Не сразу, а подумав минуту, взвесив все «за» и «против». Ножки этажерки подломились, корпус качнулся вперед, и с полок посыпалась макулатура. Журналы, брошюры, ежегодники и ошметки книг, оставшиеся от предыдущих владельцев квартиры, моих кровных родственников.
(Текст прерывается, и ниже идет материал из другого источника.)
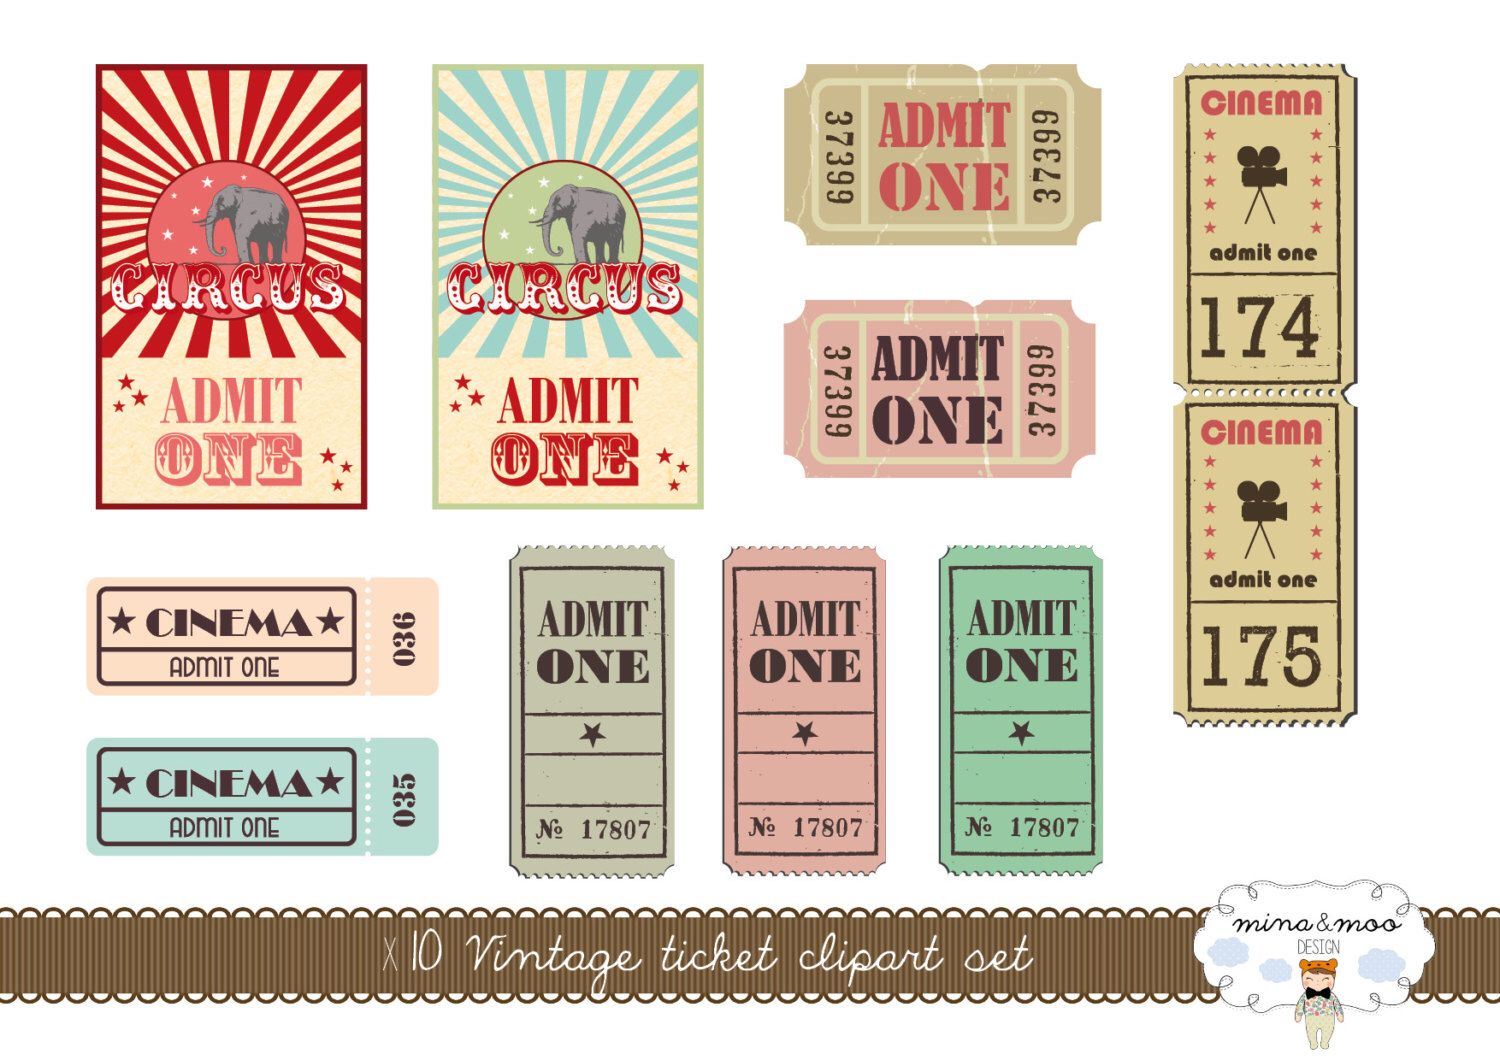 tickets clipart vintage

Избавиться от старья следовало бы много лет назад, а я так и не сделала этого: из суеверного почтения к людям, которым была обязана не только рождением, но и крышей над головой. Так поступают все мягкотелые корректоры, пугливые, как мангусты суриката.
Я больше не корректор, а Домино ничего не делает просто так.
Очевидно, он намекает мне: давай, лапуля, не останавливайся, жми на газ! Если уж ты сама начала меняться, то не мешало бы изменить и обстановку. Расчистить завалы, хотя бы слегонца. Помнится, я уже пыталась сотворить что-то подобное. И даже перебрала пару полок – в надежде найти документальные свидетельства жизни отца и бабки. Документы, письма, поздравительные открытки к праздникам – пролетарским и не очень, но прежде всего – фотографии. Как он выглядел – мой отец? Каким он был? Спрашивать о нем мусика – бесполезно. Она все равно ничего не скажет мне. Даже не из вредности и не из мужененавистничества, а просто потому,
что ни черта не помнит.
Такова мусик, вечно пребывающая в состоянии хищной, вооруженной до зубов влюбленности; ни прошлого, ни будущего для нее не существует, а есть только окрашенное в цвета деловитой страсти настоящее. И отец в ее рассказах обязательно был бы похож на Ларика с его привычкой храпеть, чавкать и добавлять чеснок в любую пищу, включая ежевичное варенье. А когда Ларик испарится и появится кто-то другой – отец станет похож на того, другого.
Ни одной фотографии я тогда не обнаружила. Нет их и сейчас.
Журналы, брошюры и ошметки книг – никакие не помощники.
«Катаракта: ищем выход» – вряд ли отец страдал катарактой, это – болезнь пожилых, так что катаракту можно смело переадресовать бабке.
«Артриты и артрозы» – не хотелось бы, чтобы отец мучался от артрита.
«Гельминтозы и инвазионные болезни животных» -
мой отец был ветеринаром? Я совсем не парюсь по этому поводу. Ветеринар – благородная профессия, гораздо более благородная, чем какой-то там зачумленный корректор.
«Поражения миокарда и ишемическая болезнь сердца» – надо же, какая херятина, он был пациентом, он был врачом?
Кем он точно не был – так это арабским шейхом. Он не был владельцем сети отелей, иначе меня бы звали Пэрис Хилтон и я была бы восхитительной, кристальной, дистиллированной, без всяких примесей дурой, кассирующей денежки за всё: от ковыряния в носу до выхода к публике в бикини. Мой отец не был олигархом и членом законодательного собрания, он не был укротителем тигров и еврокомиссаром по правам человека. Он не был негром. Он не был китаёзой. Он не был всемирно известным кинорежиссером. И не всемирно известным – тоже.